The iPhone 11 models feature unprecedented hardware for capturing and processing better photos and videos. But you may want to opt out or control two of those features: Deep Fusion and Smart HDR. (HDR stands for high dynamic range.)
The two features both attempt to use many images captured continuously over very short periods to synthesize a photo with a large dynamic range, especially to avoid blown-out highlights and muddy shadow detail, while also preserving fine detail, like hair, fur, or textile textures.
Smart HDR is an improvement on previous HDR approaches built into iOS for years. It requires more processing power than previous forms, and can be used on all iPhone 11 models as well as the previous generation: iPhone XR, iPhone XS, and iPhone XS Max. Smart HDR kicks in on more photos than previous flavors of HDR.
Deep Fusion relies heavily on machine learning to work at the pixel level, rather than providing more of a region-based improvement. It also can manage adding detail and dynamic differentiation on photos that largely have midtone values, which HDR traditionally performs worse at or doesn’t help with. Deep Fusion requires the A13 Bionic processor present only in iPhone 11 models. Photography with Deep Fusion was added in iOS 13.2.
You can disable Smart HDR with a switch on all supported phone models at Settings > Camera > Smart HDR.

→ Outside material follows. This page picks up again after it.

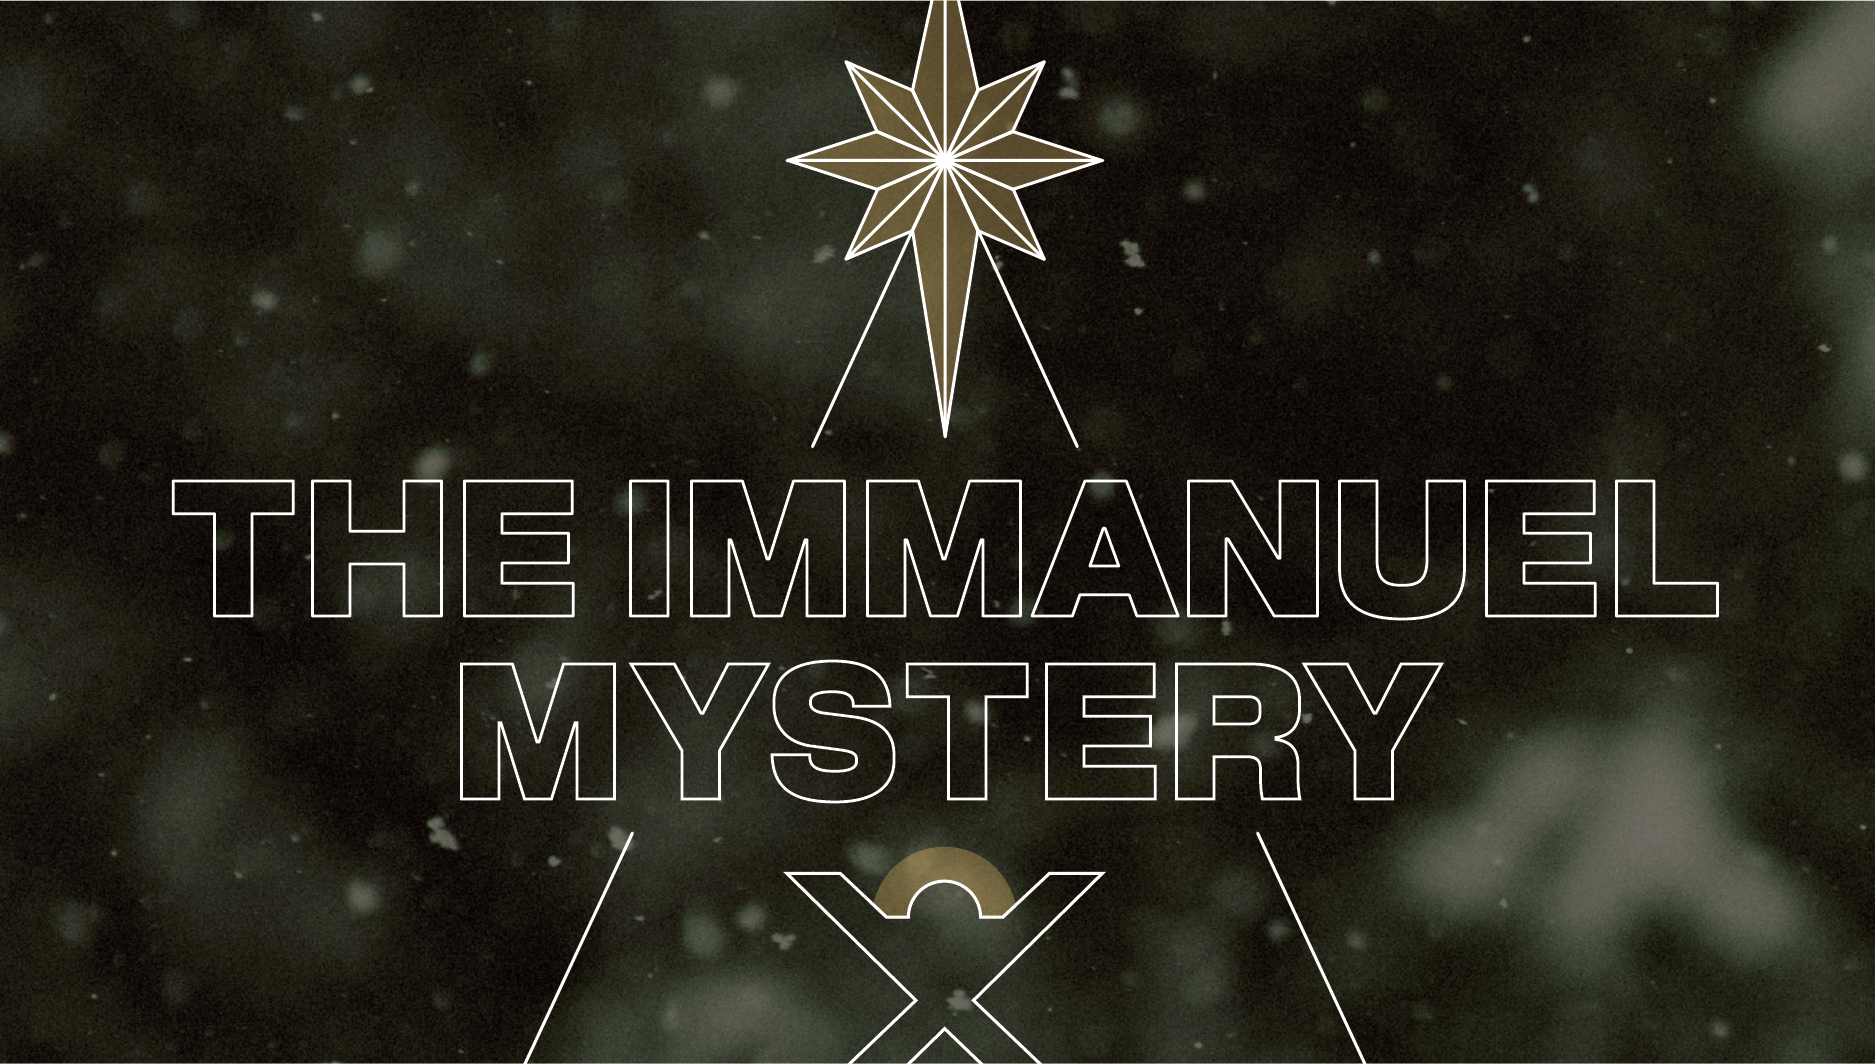 The Immanuel Mystery

Deep Fusion, however, lacks a switch. But because of what it requires from cameras, it won’t function if the ultra-wide-angle lens is in use in an iPhone 11 model. Turning on Settings > Camera > Photos Capture Outside the Frame will disable Deep Fusion, as a result, because that over-capture mode requires use of the ultra lens.
Here’s how you can figure out or choose which photographic-enhancement algorithm will kick in.
Photos over-capture off, Smart HDR on. Deep Fusion will kick in for capturing images in low- to medium-light conditions in most cases; Smart HDR will pick up other shots in which the analysis shows it will improve them. In a small number of cases, iOS will invoke neither Deep Fusion nor Smart HDR.
Photos over-capture on, Smart HDR on. Smart HDR will engage where appropriate, often for low-light and very bright photos.
Photos over-capture off, Smart HDR off. While Apple still uses some mojo to pick the best image when you signal the shutter—the camera is essentially always capturing temporary images—it doesn’t combine multiple exposures or elements of images to produce a better shot.